─── SOURCE MATERIAL ───

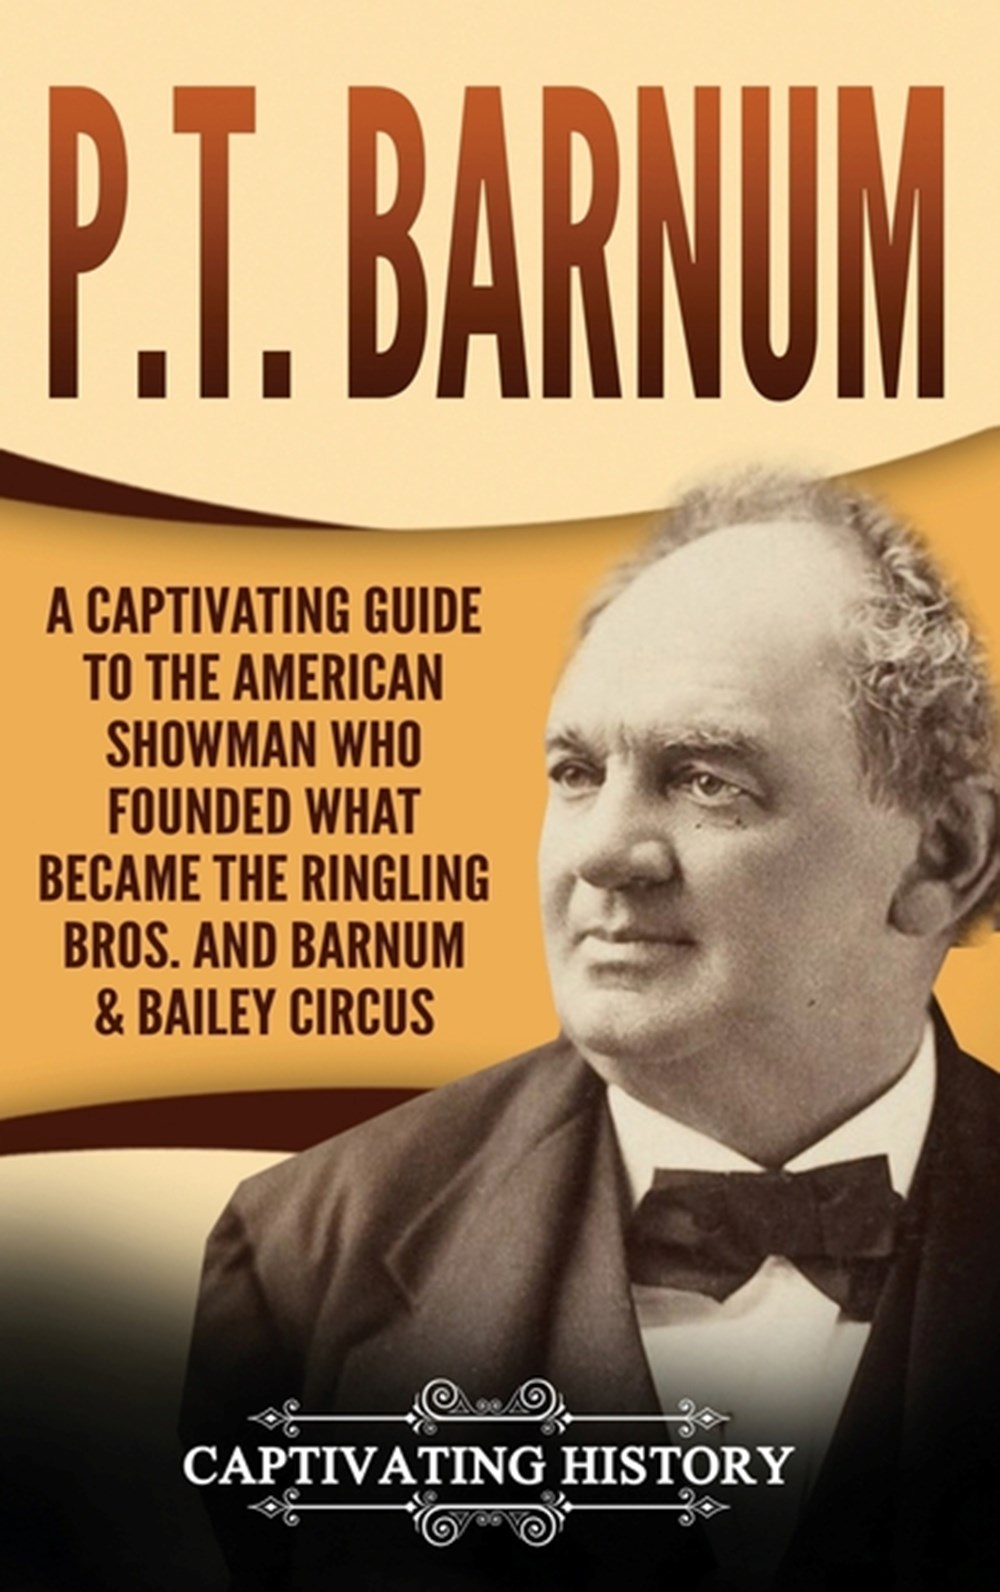 P.T. Barnum: A Captivating Guide to the American Showman Who Founded What Became the Ringling Bros. 
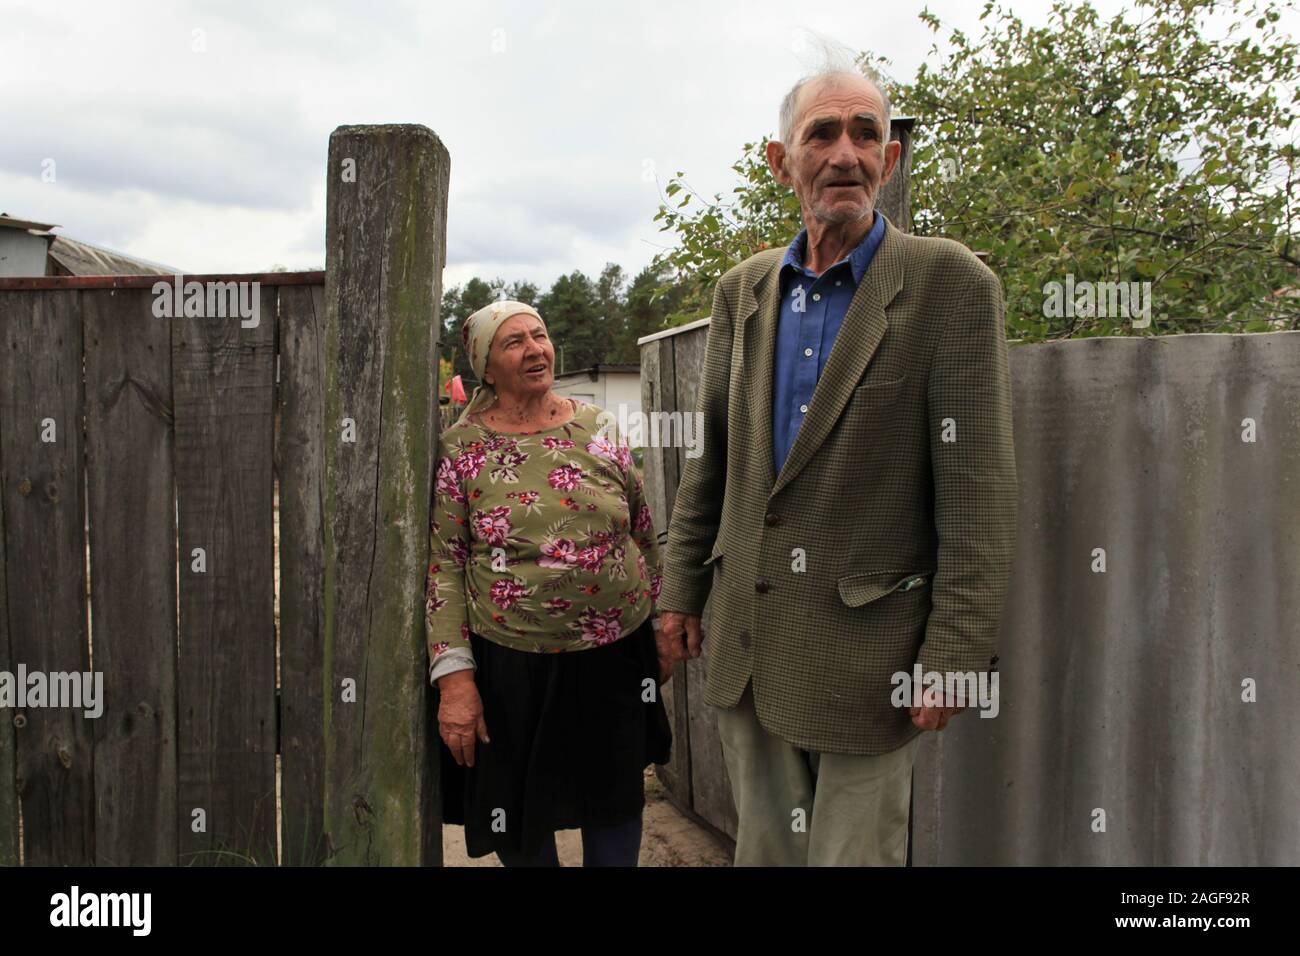 Ivan Ilchenko with his wife Maria in front of their farm in the village Kupovate, located in the Chernobyl Exclusion Zone. Both are illegal residents (Samosely), who returned some months after the evacuation of the Chernobyl Exclusion Zone (following the Chernobyl disaster in April 1986) at their farm. Kupovate, Chernobyl Exclusion Zone, Ivankiv Raion, Kiev Oblast, Ukraine, Eastern Europe Stock Photo
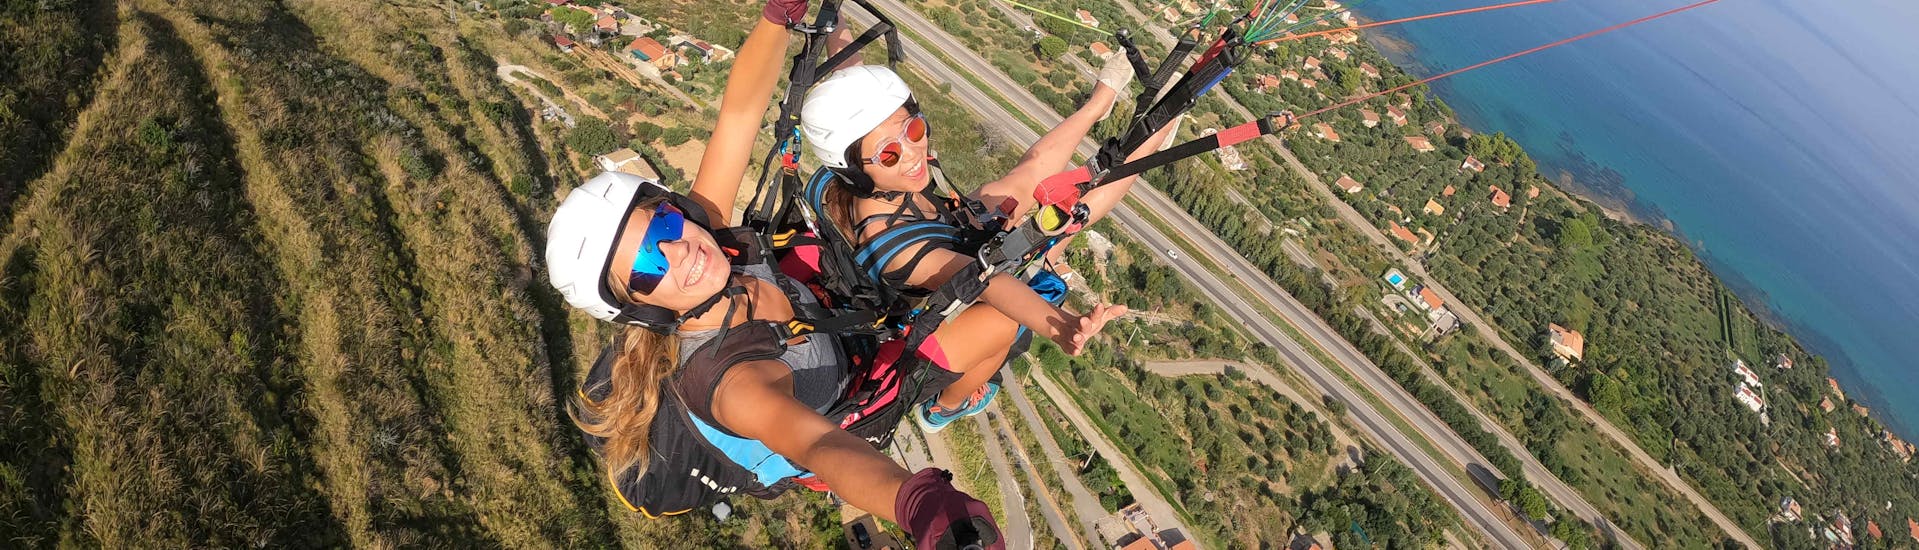 Two people are enjoying their experience in Tandem Paragliding in Cefalù - Classic.

───

§ **THE PROBLEM**:
Your task is to output the material word for word while leaving out every image.

§ **WRITTEN ANSWER**:
 P.T. Barnum: A Captivating Guide to the American Showman Who Founded What Became the Ringling Bros. 
 Ivan Ilchenko with his wife Maria in front of their farm in the village Kupovate, located in the Chernobyl Exclusion Zone. Both are illegal residents (Samosely), who returned some months after the evacuation of the Chernobyl Exclusion Zone (following the Chernobyl disaster in April 1986) at their farm. Kupovate, Chernobyl Exclusion Zone, Ivankiv Raion, Kiev Oblast, Ukraine, Eastern Europe Stock Photo
 Two people are enjoying their experience in Tandem Paragliding in Cefalù - Classic.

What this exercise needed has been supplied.